▸ TASK DESCRIPTION:
Drop every picture, then transcribe the remaining data exactly.

▸ DATA BELOW:
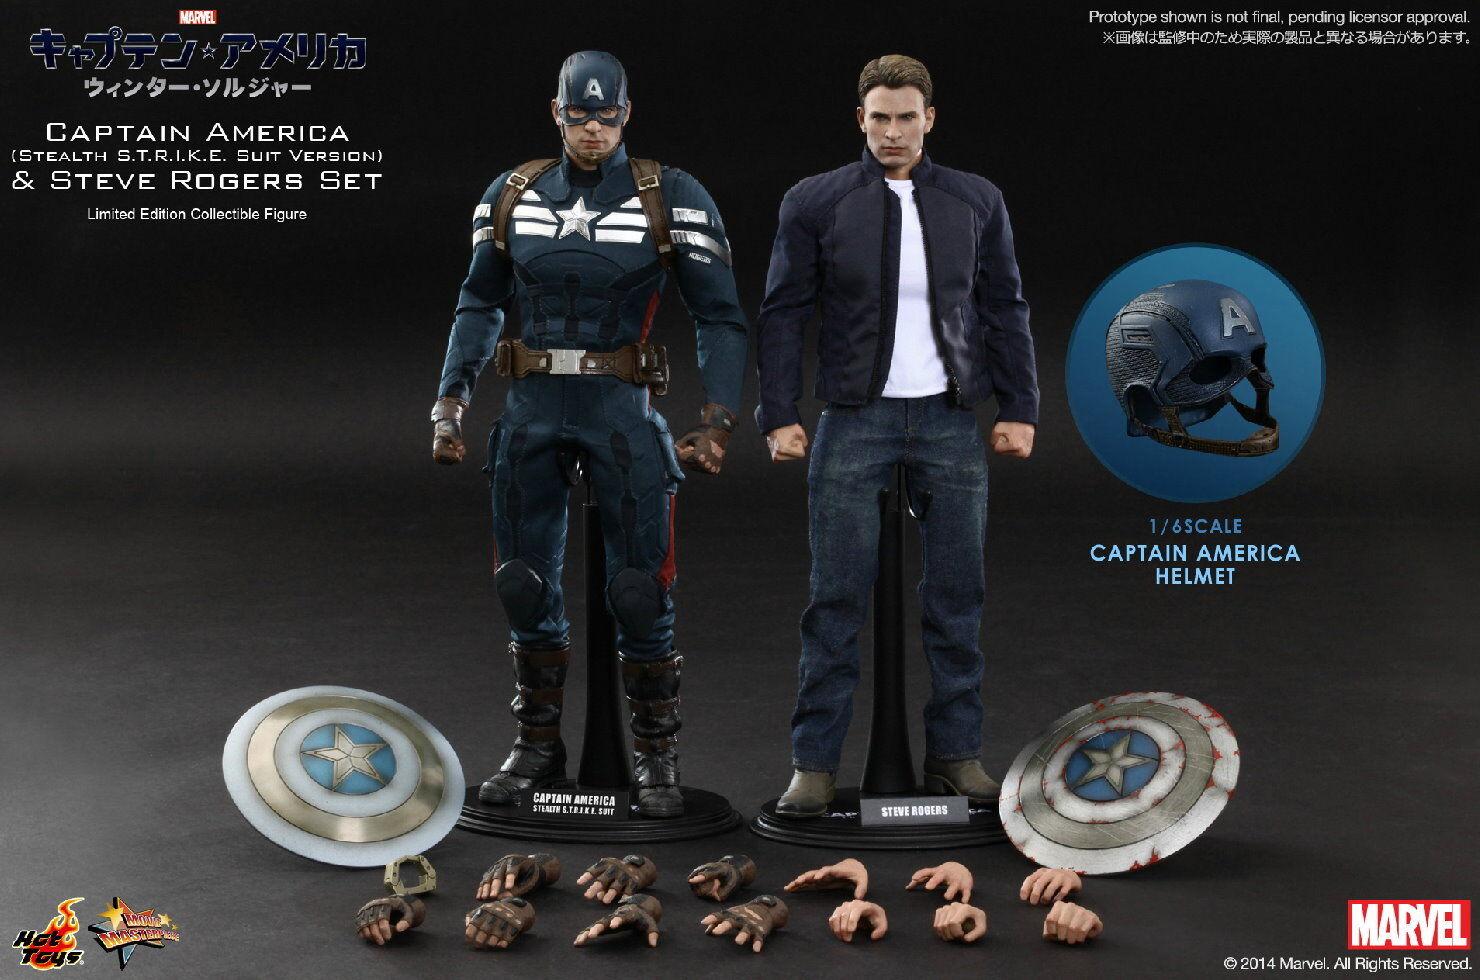 productos creativos HOT TOYS 16 Capitán América Winter Soldier Soldier Soldier Steve Rogers 2 paquetes de MMS243 figura  la mejor oferta de tienda online
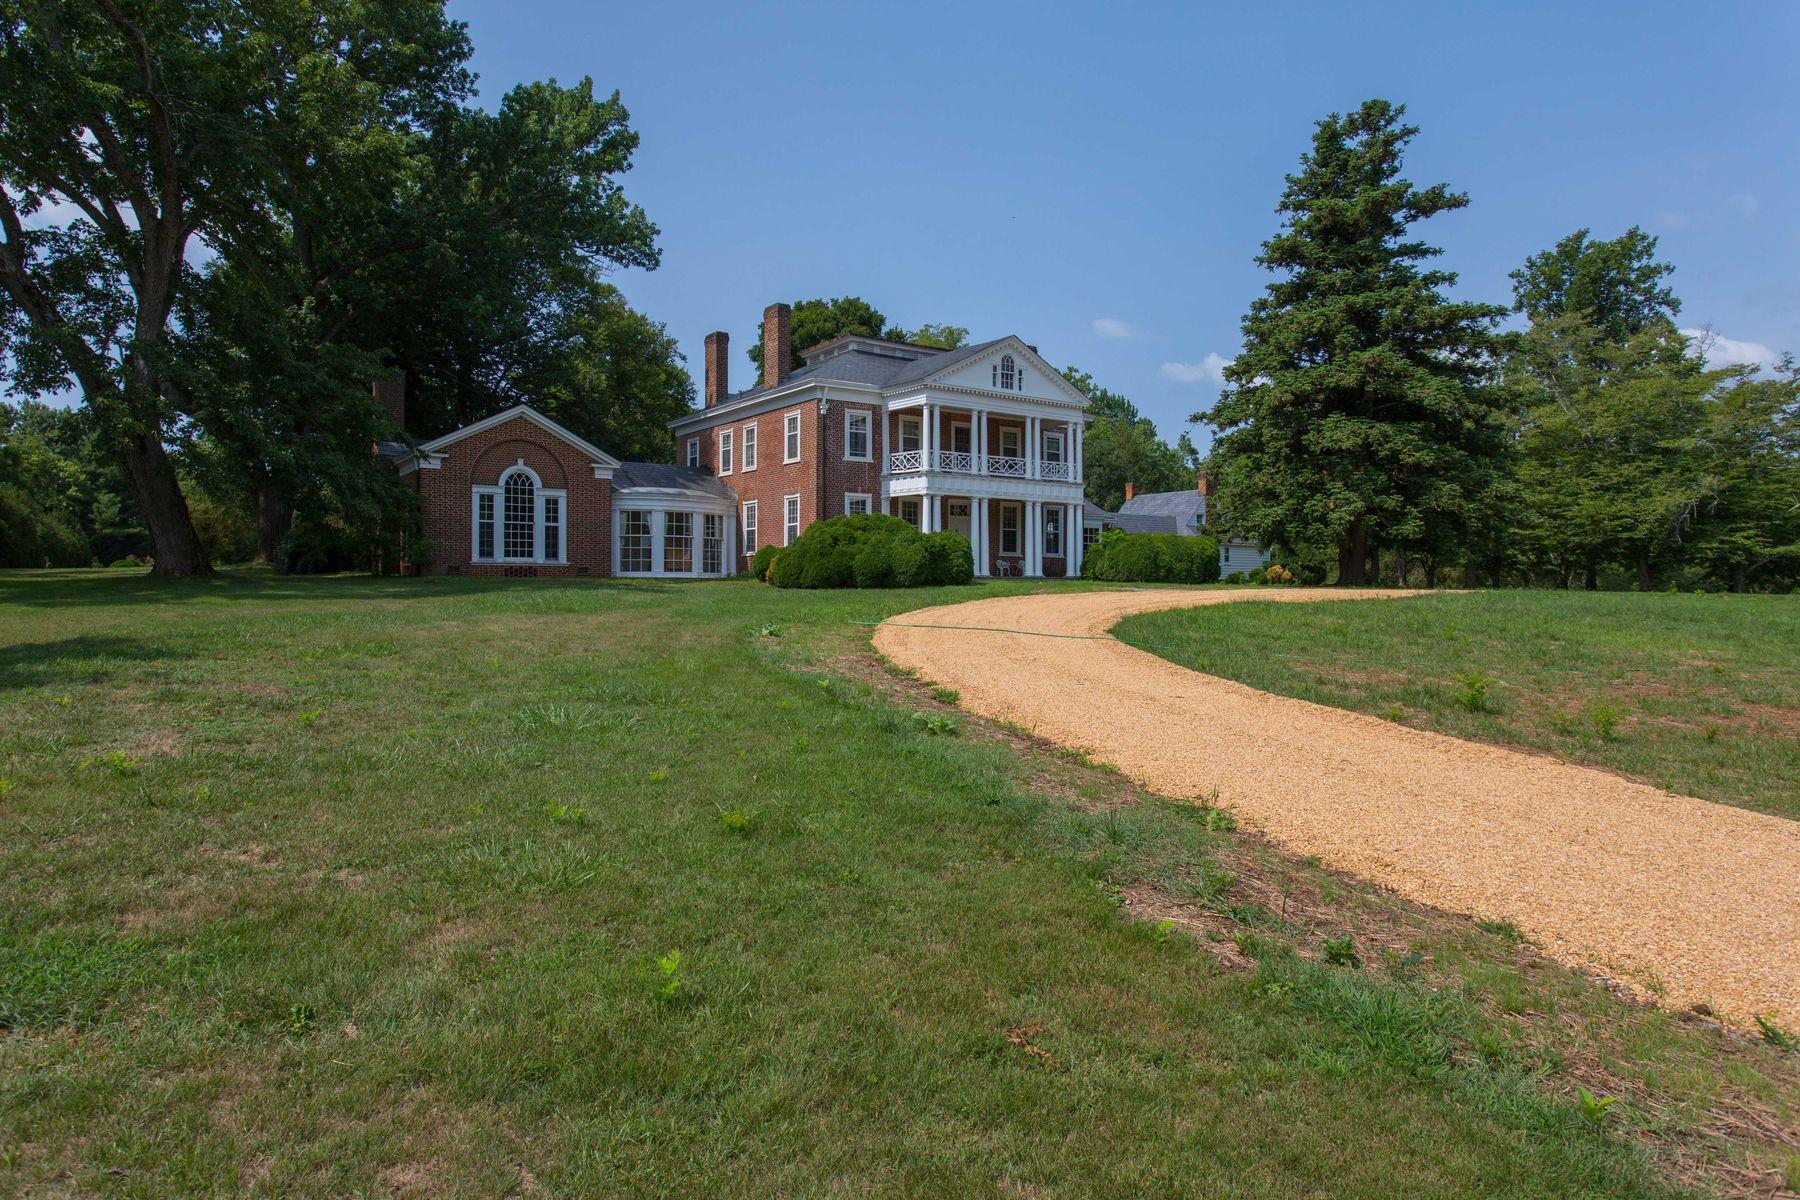 一戸建て のために 売買 アット GLENDOWER ESTATE 7369 DYERS MILL LN Scottsville, バージニア, 24590 アメリカ合衆国で/アラウンド: Charlottesville
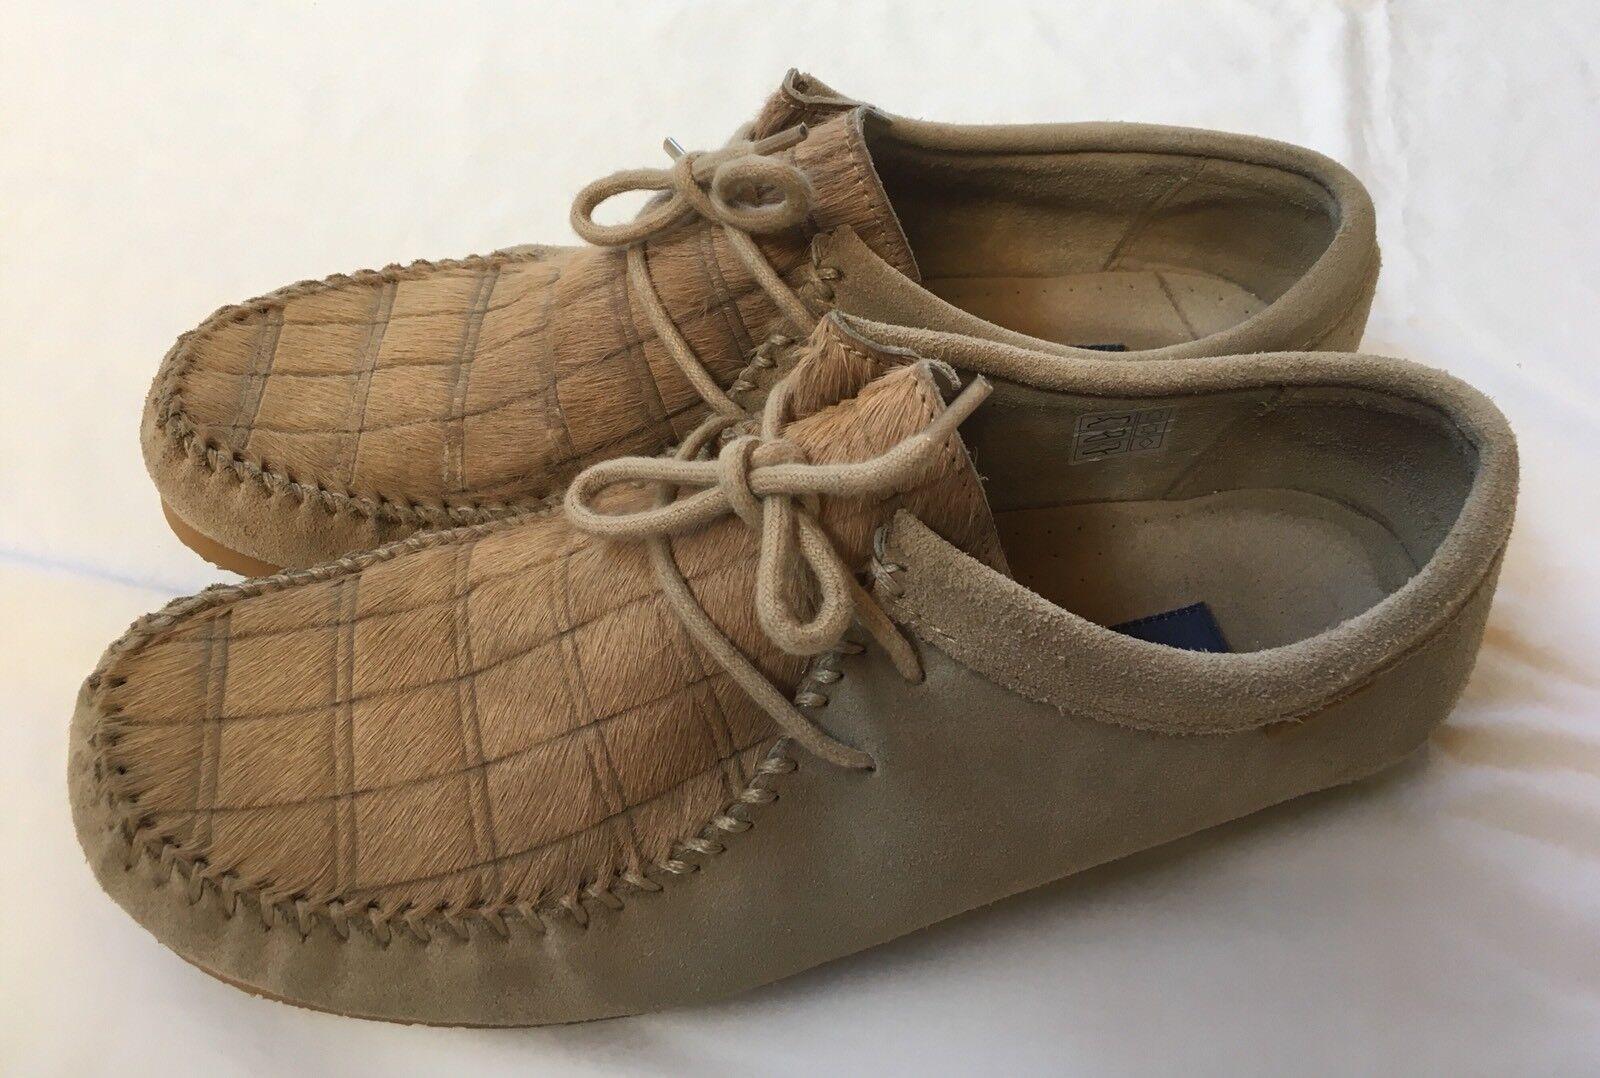 Größe 11 Vintage Hide Ben Sherman Branded Untanned Hide Vintage & Suede Moc Toe Fashion Schuhes 8700a0

▸ OUTPUT OF THE EXERCISE:
 productos creativos HOT TOYS 16 Capitán América Winter Soldier Soldier Soldier Steve Rogers 2 paquetes de MMS243 figura  la mejor oferta de tienda online
 一戸建て のために 売買 アット GLENDOWER ESTATE 7369 DYERS MILL LN Scottsville, バージニア, 24590 アメリカ合衆国で/アラウンド: Charlottesville
 Größe 11 Vintage Hide Ben Sherman Branded Untanned Hide Vintage & Suede Moc Toe Fashion Schuhes 8700a0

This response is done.